Synergy Services Expands Children’s Center 4

New facility adds capacity to aid youth and families.

The Children’s Center of Synergy Services, a Parkville-based non-profit shelter for women and children, has experienced growing pains for years.

“The Center typically serves 125 children annually, nearly 2,000 children since the program began in 2000,” says Dennis Meier, associate executive director at Synergy.  “Unfortunately, the program turns away more than 300 each year due to limited capacity.”

Synergy’s new 13,500-square-foot Children’s Center, located at 46th St. and NE Antioch Rd., doubles its size and increases capacity. The Center will house up to 16 children per night. Building is scheduled to be completed in August with a planned mid-September grand opening. Built with financial support from the community, the complex will benefit individuals and families in need throughout Kansas City.

Robin Winner, executive director of Synergy, says, “We can help the trajectory of kids’ lives if we can help them overcome trauma early on.”

New Chapter

The new Center was constructed on donated farmland that belonged to a succession of Northland residents.

Jack and Marge Borden, parents of Northlander Joyce Berry, once owned the property. The Borden family had a farmhouse built in 1925 that included a barn, horses, carriage house, garage, plum orchard, and garden on the six-acre property.

“My parents bought the property from a judge,” says Berry. “My father later sold the land to Judge Pratt.”
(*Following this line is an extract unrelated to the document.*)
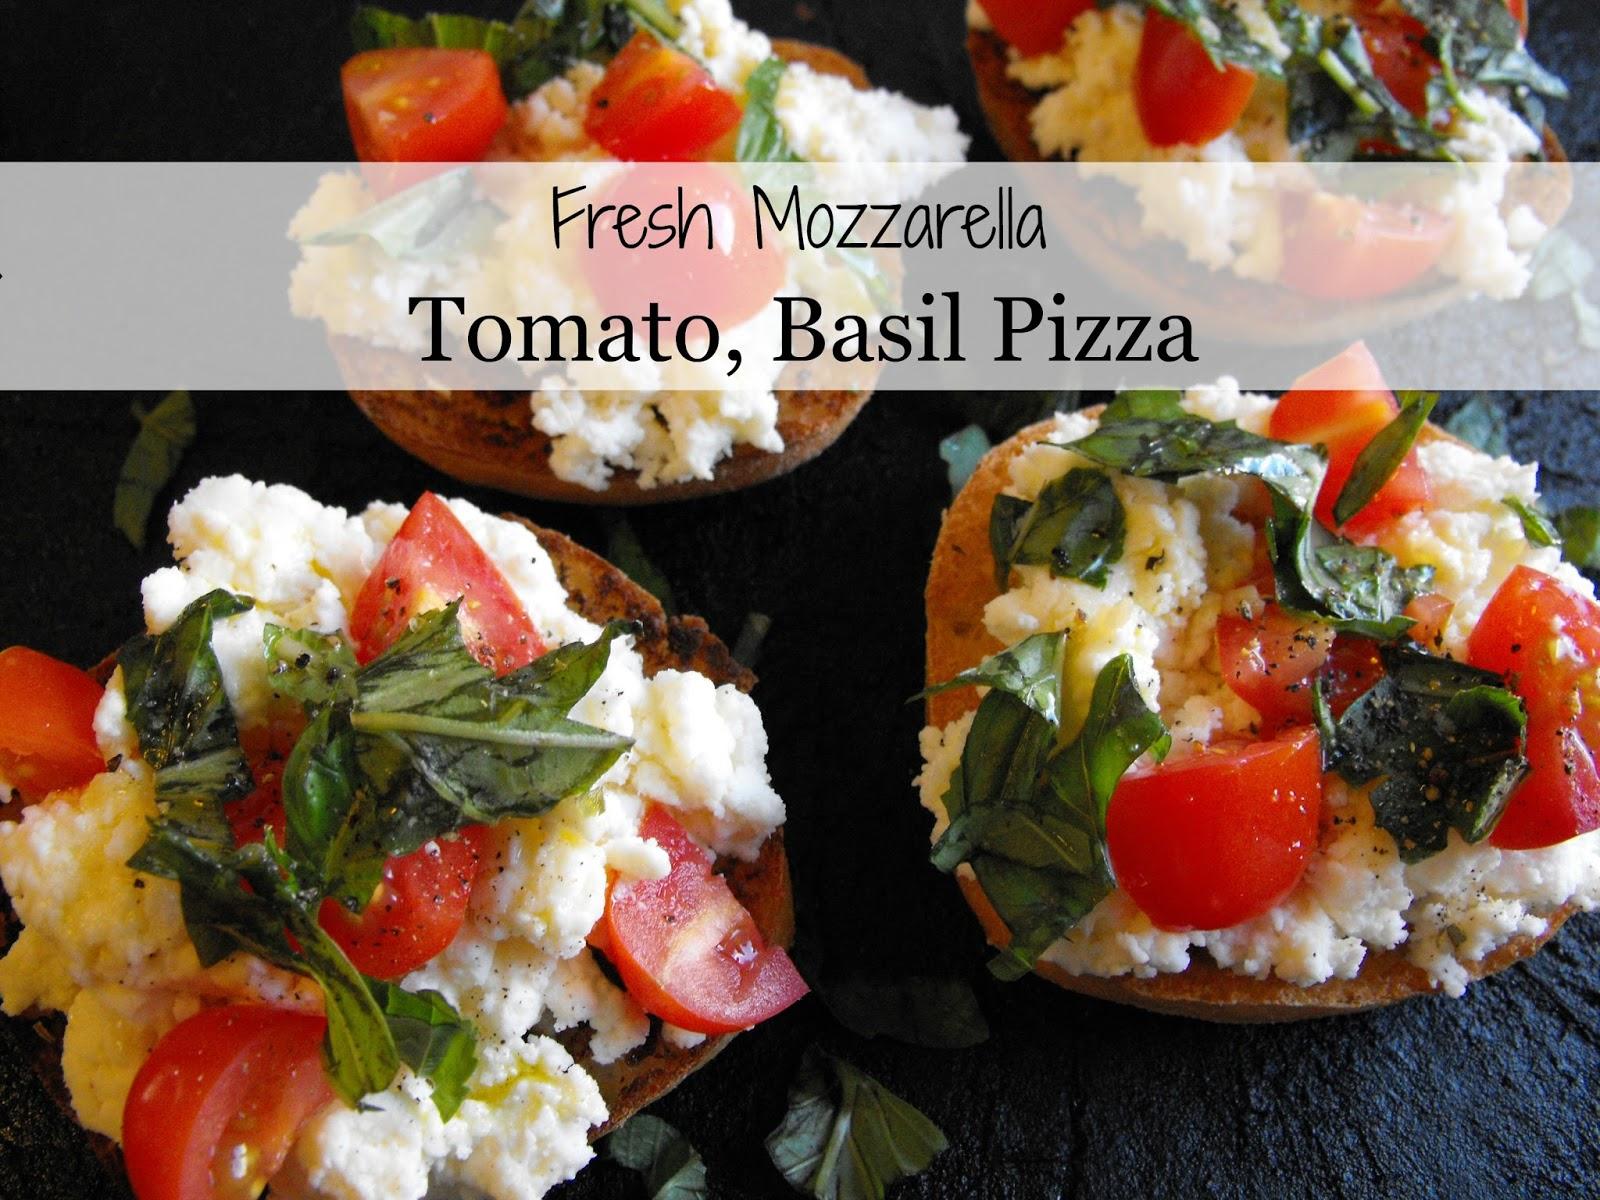 Smile for no reason: Fresh Mozzarella, Tomato, Basil Pizza

Former Clay County judge Stephen Pratt donated the land to Synergy in 2008.

Berry’s family annually hosted two orphan children. “A girl named Margie and a boy named Charlie came to stay with us each summer and during Christmas,” says Berry. “My parents went to the Mennonite orphanage in the Argentine neighborhood in Kansas to pick them up.”

Now the property’s history begins a new chapter also tied to the welfare of children.

Healing From Trauma

In 2014 alone, 102,100 children were involved in child abuse or neglect investigations by the Children’s Division of Missouri; an increase of 10% over 2013, according to the Missouri Department of Social Services Annual Report.
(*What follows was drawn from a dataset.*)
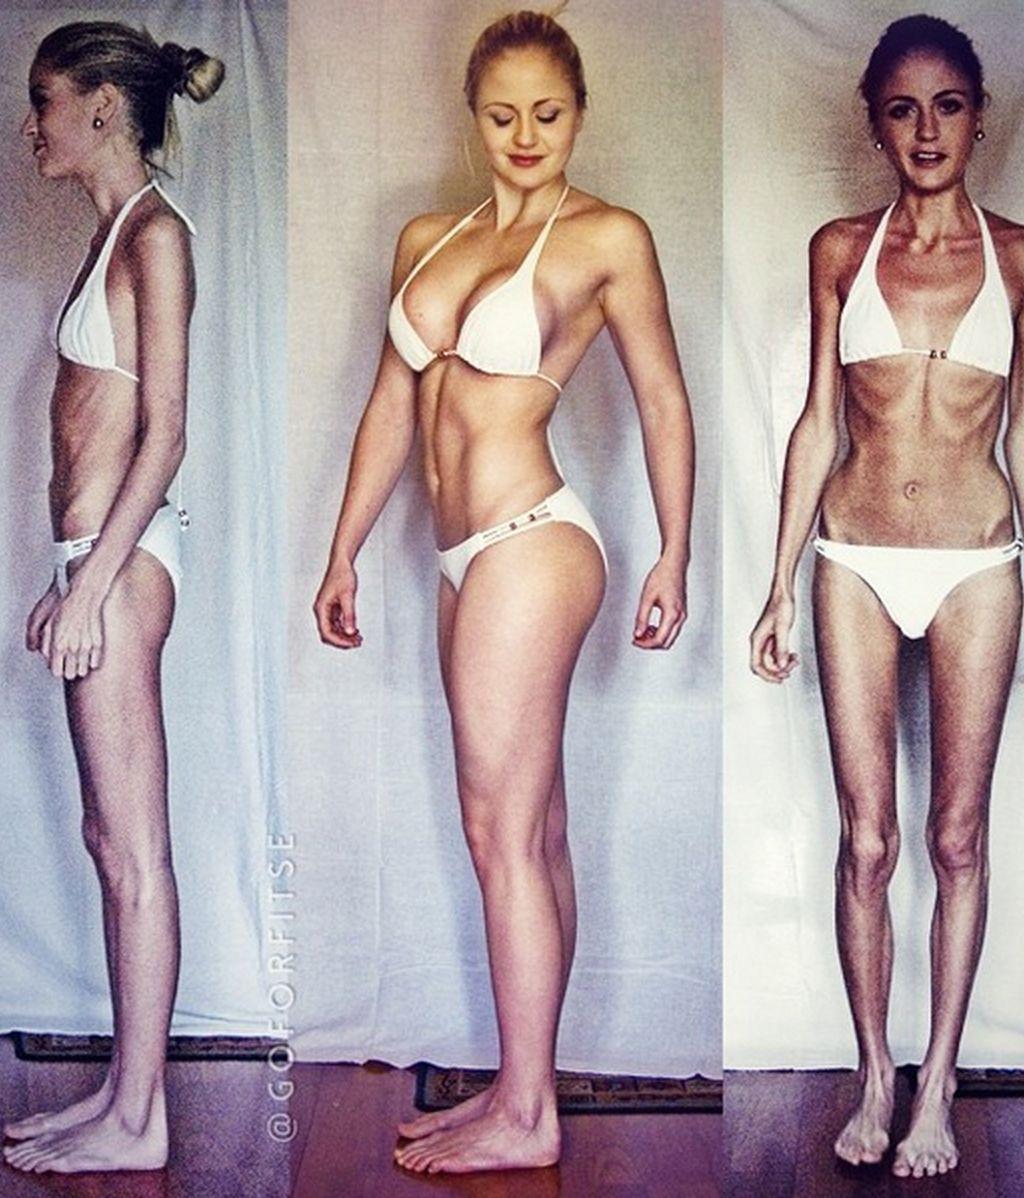 La increíble recuperación de una joven con anorexia gracias al levantamiento de pesas

Some families and children in crisis lack a safe support system among family and friends. Synergy Services and its Children’s Center provides a refuge, programs, and services to those that face disruption and separation to state custody of children.

“We take self-referrals and referrals from churches, schools, and other groups like Head Start,” says Winner. “We act as a safety valve in the community.”

Often, these individuals cope with poverty, domestic violence, homelessness, intergenerational child abuse or neglect. These experiences are called Adverse Childhood Experiences (ACEs) in a study by the Center for Disease Control.

“ACE’s cause high levels of toxic stress to anyone’s brain, but particularly to a child’s developing mind,” says Meier. “Attachment, learning, psychosocial development, and emotional regulation is impaired when toxic stress is chronic and becomes overwhelming. The study also links increased risk of heart disease, obesity, addictions, and mental illness later in life when a child has an ACE score of 4 or higher.”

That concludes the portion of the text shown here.